DATA BELOW:
++++++++++++++++++++

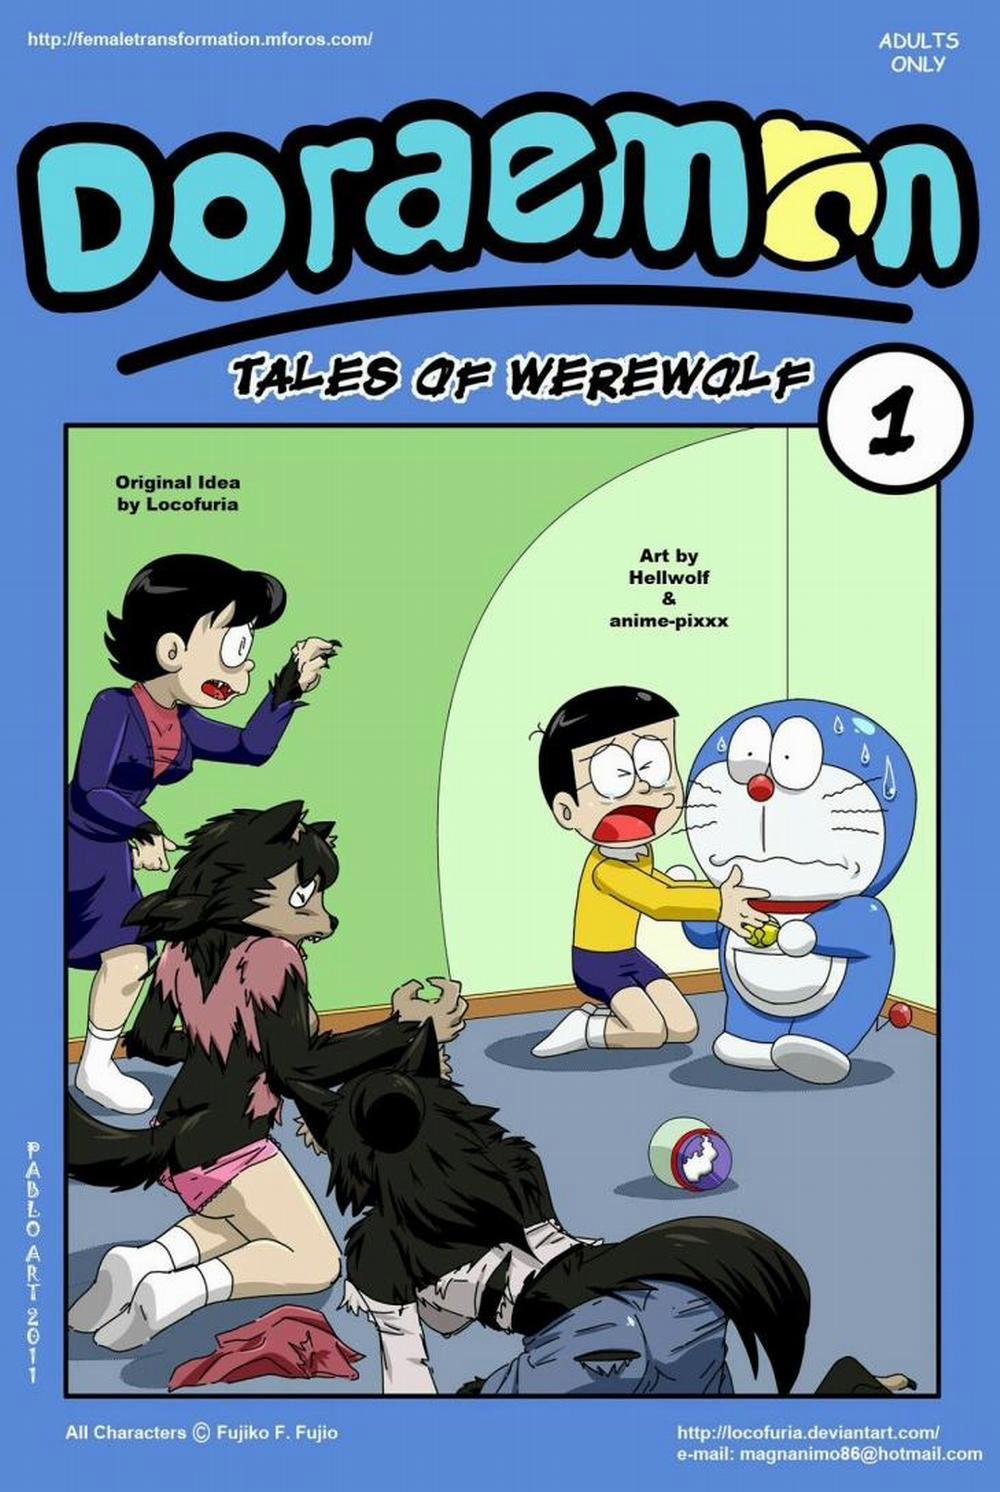 Tuyển Tập Doraemon Doujinshi 18+ Chương 19 Kem ch s i 1 Trang 1
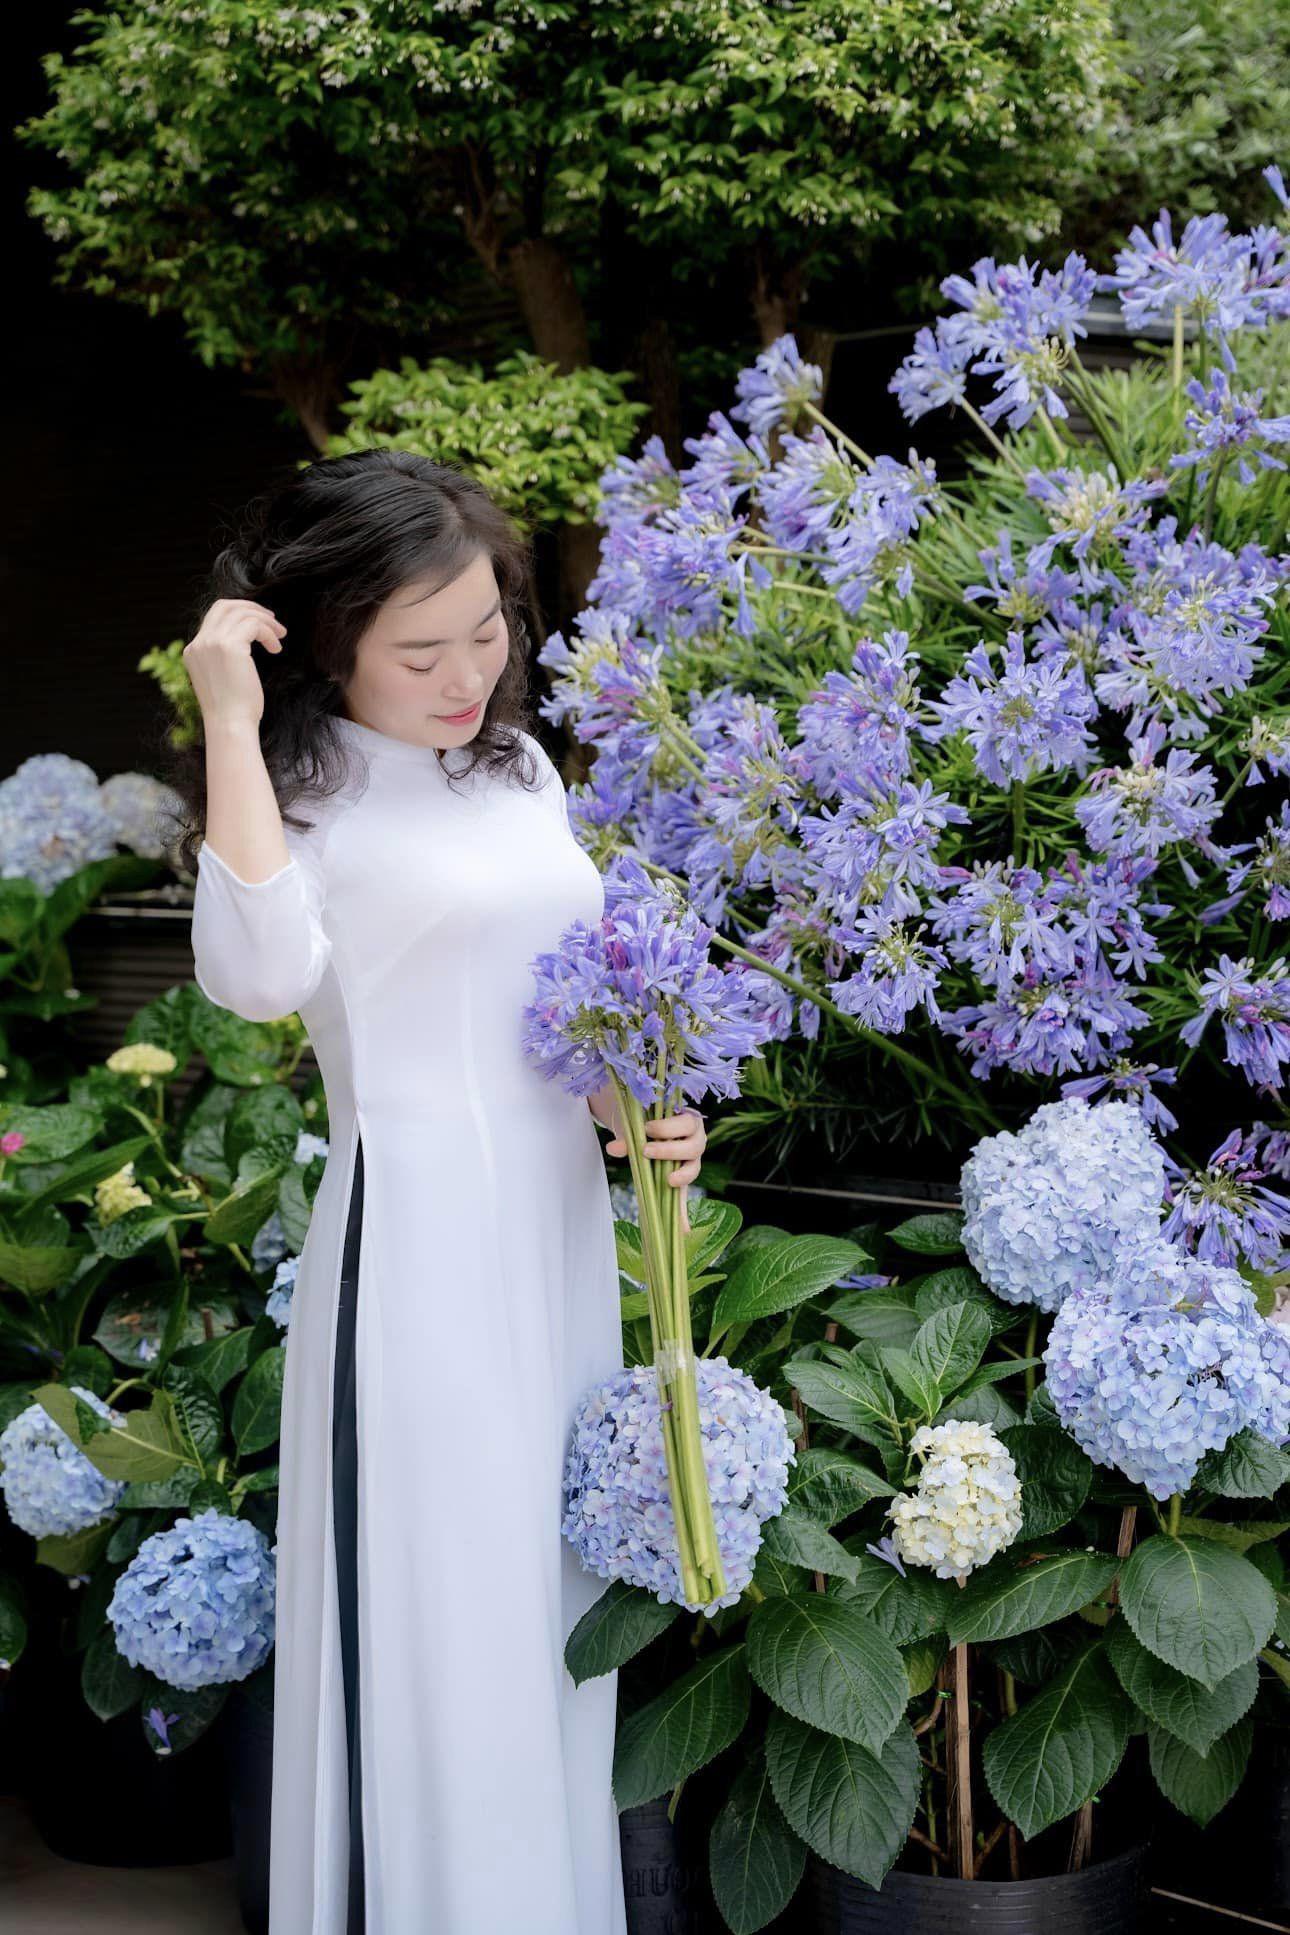 Mẹ đảm cho biết, hoa cẩm tú cầu có màu trắng, hồng, xanh. Khi thêm màu xanh tím của hoa Arapang sẽ rất nổi nên chị đã mua 70 bó hoa Arapang về điểm xuyết thêm.
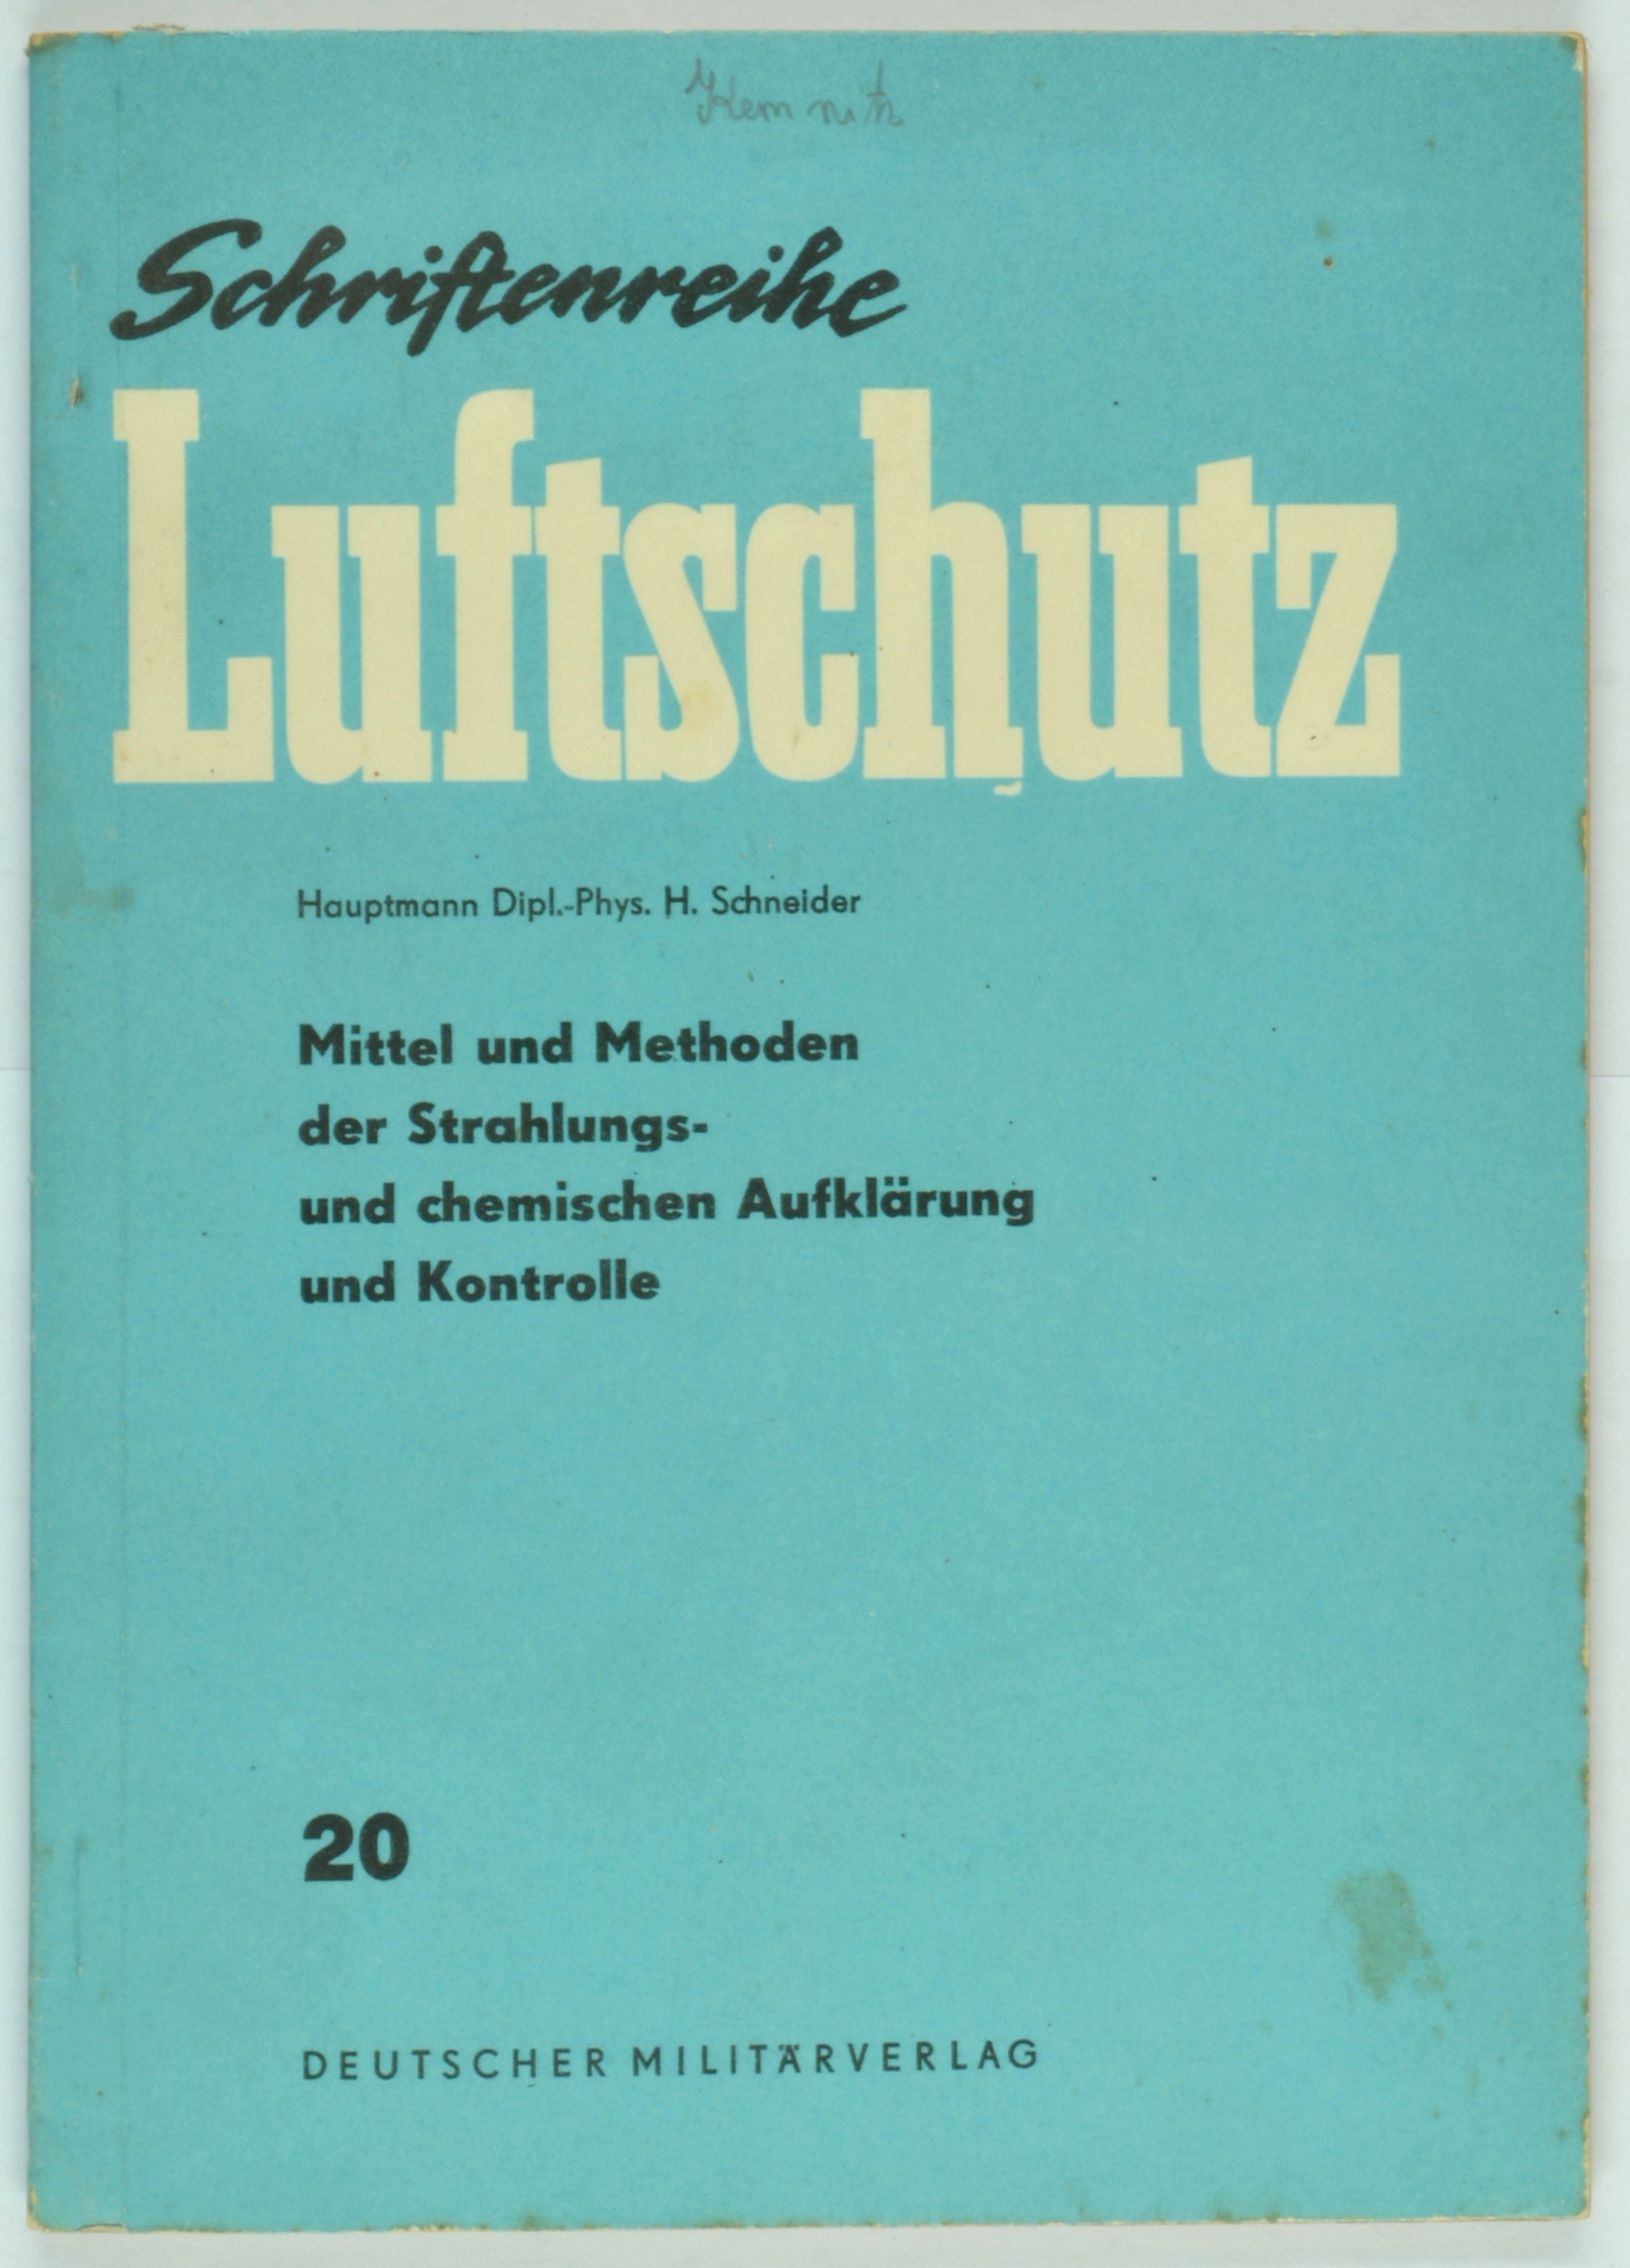 Broschüre "Schriftenreihe Luftschutz" 20 (DDR Geschichtsmuseum im Dokumentationszentrum Perleberg CC BY-SA)

++++++++++++++++++++

WHAT YOU WILL DO: Repeat the full listing above exactly, with no pictures in the copy.

RESULT OF THIS EXERCISE:
 Tuyển Tập Doraemon Doujinshi 18+ Chương 19 Kem ch s i 1 Trang 1
 Mẹ đảm cho biết, hoa cẩm tú cầu có màu trắng, hồng, xanh. Khi thêm màu xanh tím của hoa Arapang sẽ rất nổi nên chị đã mua 70 bó hoa Arapang về điểm xuyết thêm.
 Broschüre "Schriftenreihe Luftschutz" 20 (DDR Geschichtsmuseum im Dokumentationszentrum Perleberg CC BY-SA)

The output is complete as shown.